Pre-WOD Anxiety

By Kenny Olmeda

“His palms are sweaty, knees weak, arms are heavy

There’s vomit on his sweater already, mom’s spaghetti

He’s nervous, but on the surface he looks calm and ready”

-Eminem

The above lyrics describe me perfectly before a WOD. Well, minus the spaghetti on my sweater. We’ve all been there, walked into NECF, seen the WOD and immediately felt the twist and turns hit our stomach. You’re getting your barbell, plates, and equipment out.  The whole time you’re setting up your workout station you are debating whether or not to just simply go home. Then right before 3…2…1…Go at least one person will say “I have to pee!”  But then you actually start the workout and something truly amazing usually happens. You’ve forgotten all about the anxiety you were feeling in the first place.

The root of most pre-WOD anxiety is in the fact that you want to do well. I would always worry about putting up a representative score on the whiteboard. I didn’t want people to think less of me as an athlete so I would put all this pressure on myself. This would lead to knots in my stomach and I would end up doing worse. These days I have adopted my friend Coach Cam’s motto “Just tryna stay fit.” My focus has shifted to enjoying the process of fitness. Someone once told me “If you’re not having fun, then you’re doing it wrong.”
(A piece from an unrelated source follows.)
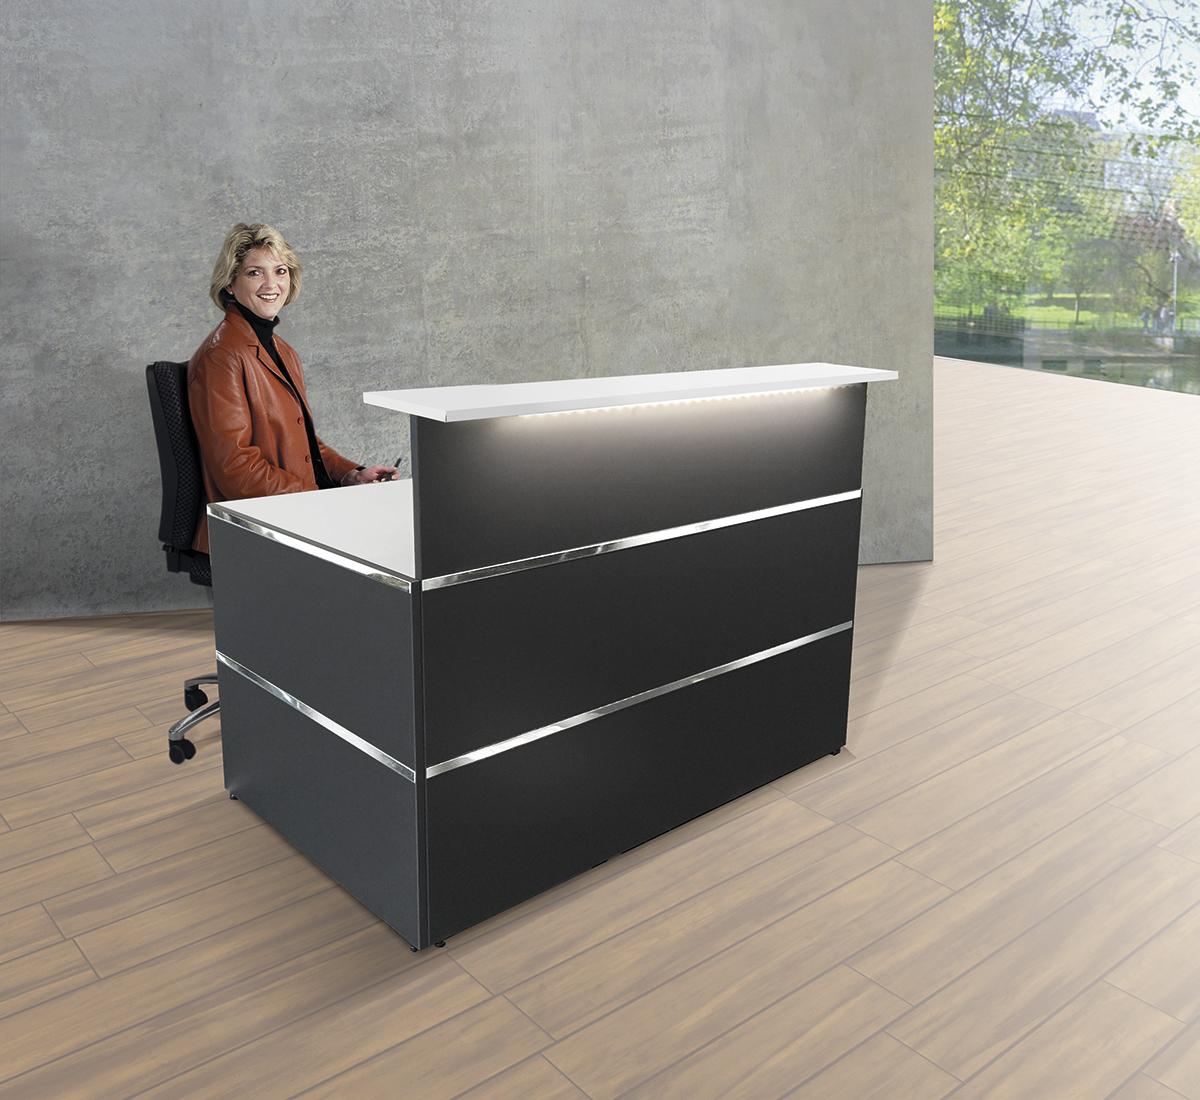 Tresen Design theke atlantis kerkmann office design büromöbel aus bielefeld

There’s nothing wrong with caring how well you do in a WOD. If you didn’t care at all, you wouldn’t get anxious, so this is a good thing YOU CARE. Maybe it’s WOD’s with particular movements or even some of the most dreaded benchmarks that make you feel this. For me, it’s WODs with burpees and thrusters. You inherently want to do well in the WOD so you work yourself into an anxious state thinking that you’re not going to do well. The key is to use the anxiety in your favor. Anxiety usually triggers a flight or fight response in humans, if you can learn to embrace the fight side, it can give you extra drive as you power you through the workout. Learn to harness those jitters and use them to your advantage.

It’s okay to still walk into the gym with a level of pre-wod anxiety. Most evenings this anxious walk into the gym may be the highlight of your day. Take it as an opportunity to walk into the gym and spend the next hour with great friends. You walked in knowing you couldn’t do something, and you walk out after succeeding, or at the very least exceeding your own expectations.